To herald the release of the "The Karate Kid" remake, in which Jackie Chan teaches Jaden Smith Chinese kung fu (despite the film's title), Sony has released the first two "Karate Kid" movies in a new Blu-ray collector's edition. The first film holds up even to my fond memories of seeing it at the Redwood City Drive-In when I was a teenager, but Daniel-san loses some of his charms in "Part II." In the first movie, he's the underdog who defeats the rich kid Cobra Kais and gets the girl against impossible odds. By the second film, Daniel's girlfriend and his New Jersey mom are both seen only in flashbacks and explained away in expository dialogue. For that other series spawned by an Avildsen fight film, Stallone knew that Rocky had to remain faithful to Adrian unto death for his brawler to maintain audience sympathies through five sequels. However, when Daniel-san romances the gorgeous Tamlyn Tomita and defeats Okinawan gangsters in "Part 2," he's no longer an underdog but a stud, and a whiny one at that.
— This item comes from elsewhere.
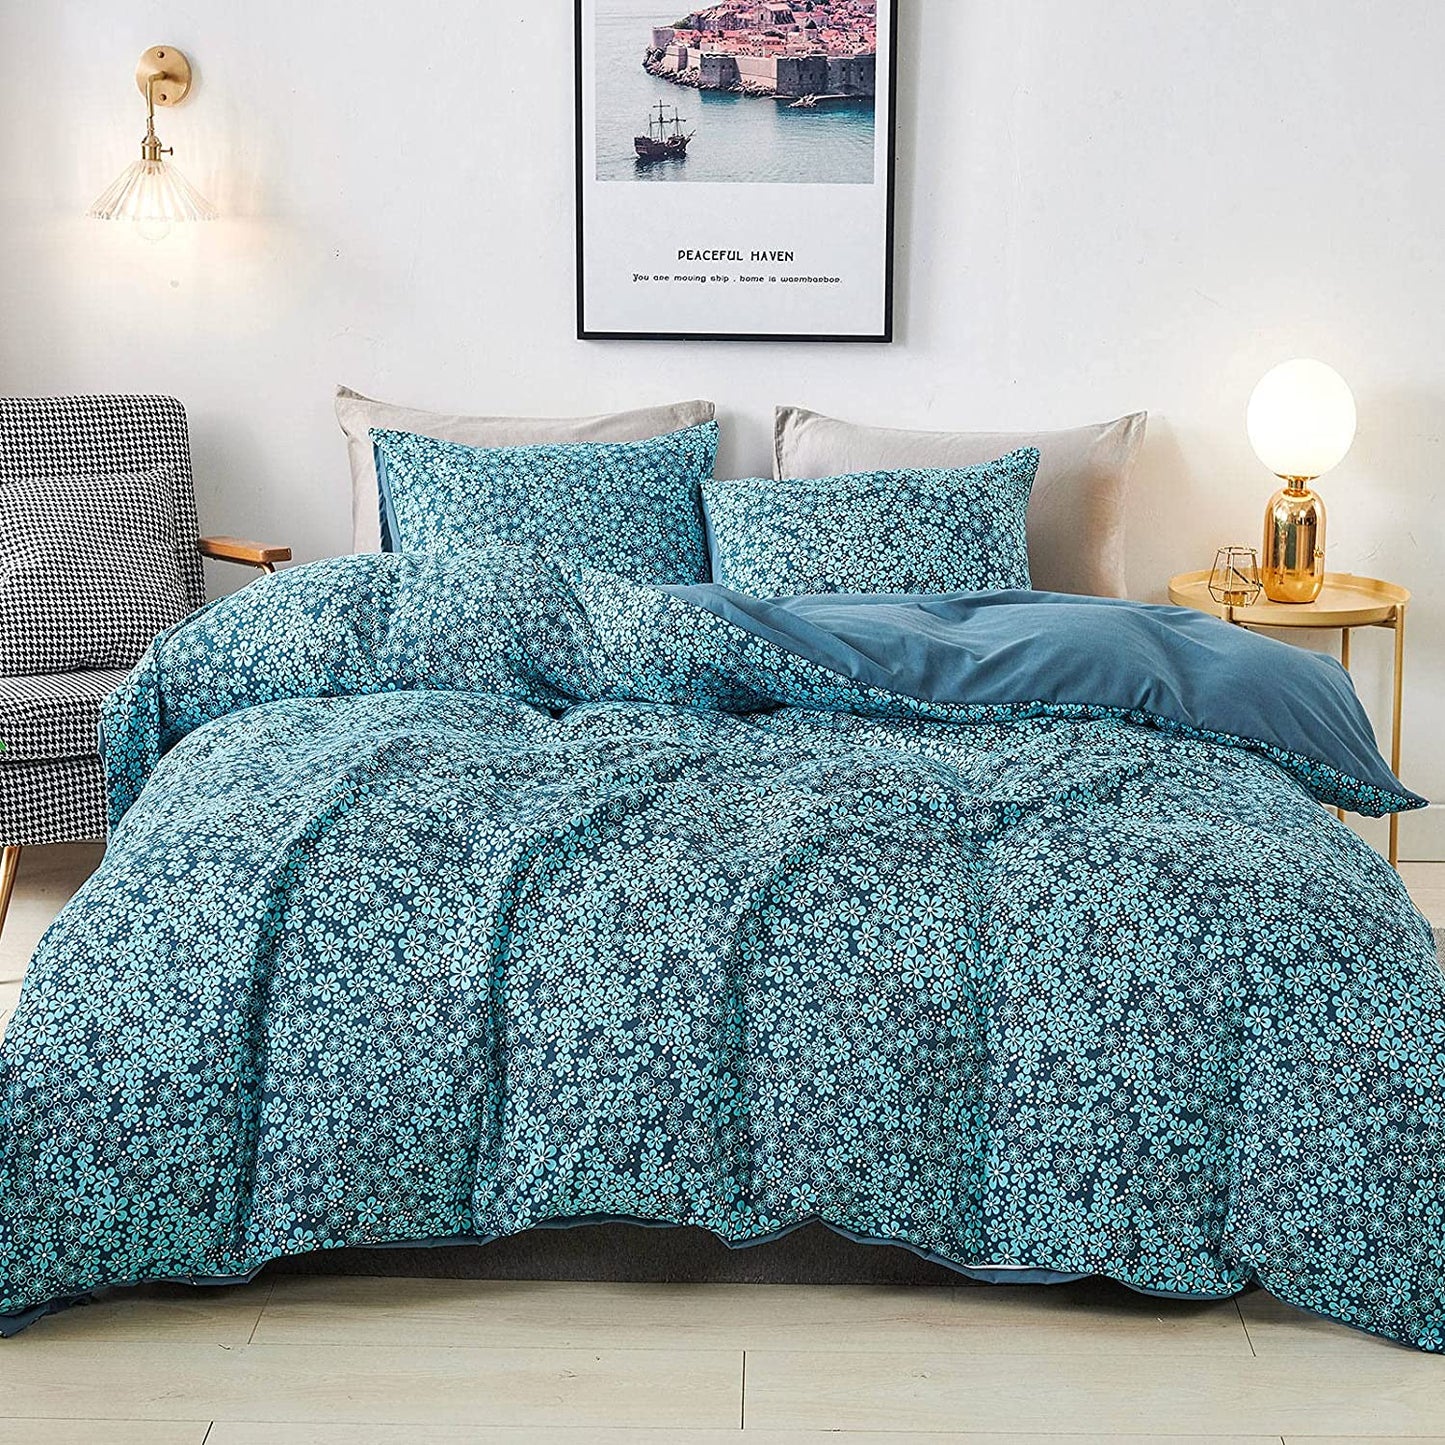 Duvet Cover Queen Size - Ultrafine Fiber Comforter Cover, Super Soft Bedding Sets Thickened Microfiber Duvet Cover Set, Floral Comforter Set All Season Use, 3 Piece-Wildflower

The Blu-ray of the first movie includes several making-of features and a rollicking commentary track with Avildsen, scriptwriter Robert Mark Kamen, Macchio and Morita that is carried over from the 2004 DVD release. While nothing is new in this release save for the 1080-pixel resolution and "Blu-pop" (a Blu-ray feature where trivia and interviews pop up during the movie), the 2004 supplemental material is preferable to anything newer due to the inclusion of Morita, who passed away in 2005. The "Part II" disc only includes Blu-pop and a six-minute making-of featurette titled "The Sequel." Not included in this set are "The Karate Kid, Part III" (1989) where Sensei Kove returns to bring Daniel to the dark side, or "The Next Karate Kid" (1994), where Macchio is replaced by future "Million Dollar Baby" Hilary Swank.
The new, Jackie Chan-enhanced "Karate Kid" did tremendous box office on opening weekend, but only time will tell if it's time capsule-worthy or even an enjoyable piece of future retro-kitsch. But by leaving the dusty San Fernando Valley 'burbs of Reseda and Encino behind for China itself, the new movie shows that multiculturalism is now more a part of American society than in the time of Daniel-san and Mr. Miyagi, let alone Joe. Where Daniel-san gets sand kicked in his face on L.A. beaches, Jaden Smith's character has to come of age against a backdrop supplied by the Great Wall and Forbidden City during a time when America's wars on the Asian continent (as well as her summer blockbusters) are funded by loans from the Middle Kingdom. However, while multiculturalism is more ingrained in us, American wrong-headedness still creeps in. Calling this new movie "The Karate Kid" (after a Japanese fighting style) instead of the more accurate "Kung Fu Kid" is the kind of blunder I'd expect from producers looking to re-launch Long Duk Dong, not Mr. Miyagi.